X-Men vol. 2 #190
September 7th 2006 13:56
It's fitting that my inaugural comic review for this blog involves the X-Men. Though they weren't my first comic book obsession (that distinction belongs to G.I. Joe, quickly followed by Transformers), the X-Men were the first superheroes I became addicted to, and have remained the most enduring part of my comic-buying habit. I'm a big fan of the characters, and remain so to this day.
Nonetheless, the last few years since the departure of writer extraordinaire Grant Morrison haven't excited me a great deal. Joss Whedon, better known as the creator of Buffy the Vampire Slayer, has been turning out entertaining material on Astonishing X-Men, but it's release schedule has been erratic. Chris Claremont, long-time X-Men writer and one of my all-time favourites, did some fun stuff over on Uncanny X-Men, but his run suffered when Alan Davis left the pencilling duties, and it was honestly just a shadow of the man's former powers. Which brings us to X-Men vol. 2, the black sheep (translation: pointless comic) of the X-family. Chuck Austen had a run that can best be summed up as a blight on all humanity, and Peter Milligan followed him with a run that was well below his inspired best. It hasn't been a particularly interesting couple of years.
Mike Carey is the new writer of X-Men vol. 2, and he's joined by penciller Chris Bachalo. Carey is best known for a lengthy run on Lucifer, a title for DC's Vertigo imprint (comics for unattainable goth chicks!), while Bachalo is the co-creator of Generation X (a team of student X-Men that have since disbanded, with certain members shot, crucified, or badly written), and has also done a few X-Men runs before this one.
This is the third issue of the run, and it might say something that I can barely remember anything from the issue previous. My jogged memory tells me that the situation is thus: a bunch of new bad guys called the Children of the Vault have popped up out of nowhere, and they're hunting Sabretooth. Sabretooth has sought a haven with his enemies the X-Men, so the Children have brainwashed former X-Men allies Northstar and Aurora to kill him. Cue big fight.
This all sounds pretty good on paper, but to be honest I'm finding that I couldn't care less. I think the problem here is the villains. The Children are completely uninteresting, with generic pseudo-goth costumes and codenames that I'd have to look up to remember. They remind me of the Neo, a group of new X-Men villains who failed spectacularly to hold fan interest six years ago. I'm all for the creation of new X-Men villains - all of the best ones seem to be joining the good guys - but they need to be more distinctive to catch on. Something tells me the Children won't be seen much past Carey's run.

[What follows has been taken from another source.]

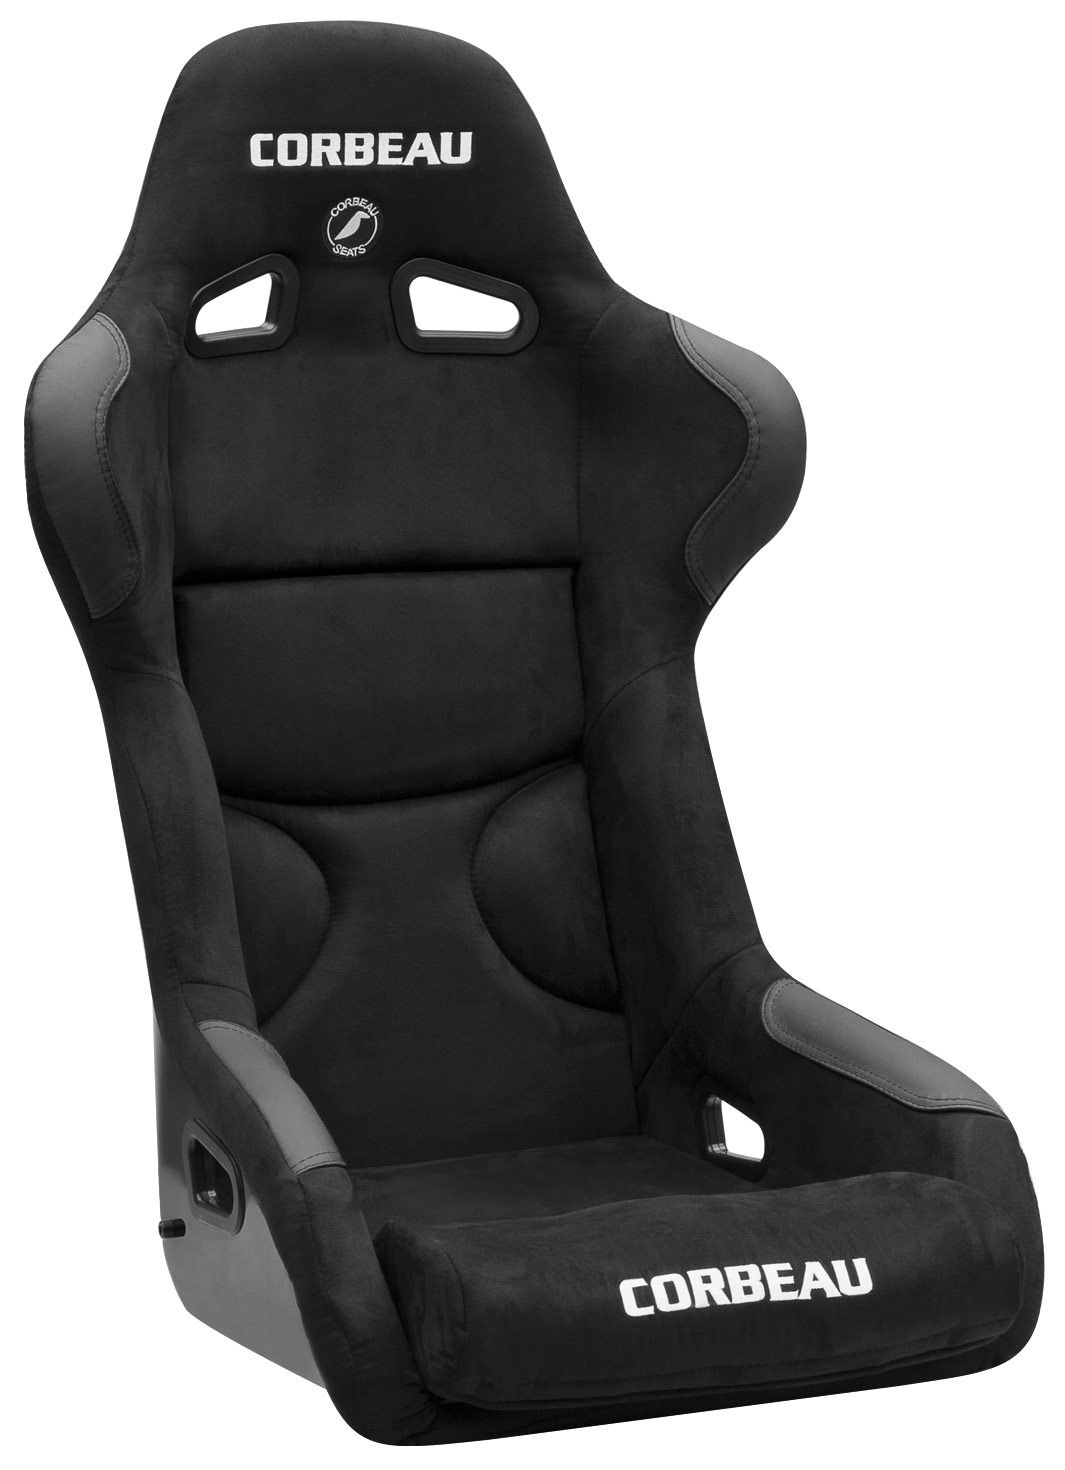 Corbeau FX1  Racing Seat, Black Microsuede Pro, S29501P

I do like the X-Men team Carey has put together, though. Rogue as the leader, Iceman and Cannonball for old-school stability, and former villain Mystique as the wild card. Cable joins this issue, with a reason for showing up that's brilliant in its simplicity - he's here to investigate! There's a lot of potential for conflict here, and a lot of history between the characters if Carey wants to use it. At the moment, with the issue taken up mostly by fighting, it hasn't come up.
Chris Bachalo's pencils are customarily cluttered and confused. He used to be genuinely very good, and his storytelling was easy to follow. Nowadays I find his work to be an effort to read. If the artist on a comic is doing his job then you shouldn't have to stare at a panel for a minute trying to figure out just what the hell's happening. Bachalo has done a better job here than on previous issues, but I'd honestly like to see what Carey can do with a different penciller.
When it comes down to it this is a pretty standard X-Men comic, with one long fight scene. Boring villains and cluttered art bring it down, but it's not actively bad. It's just sort of there, existing, taking up space in the same way that the third X-men title has always done.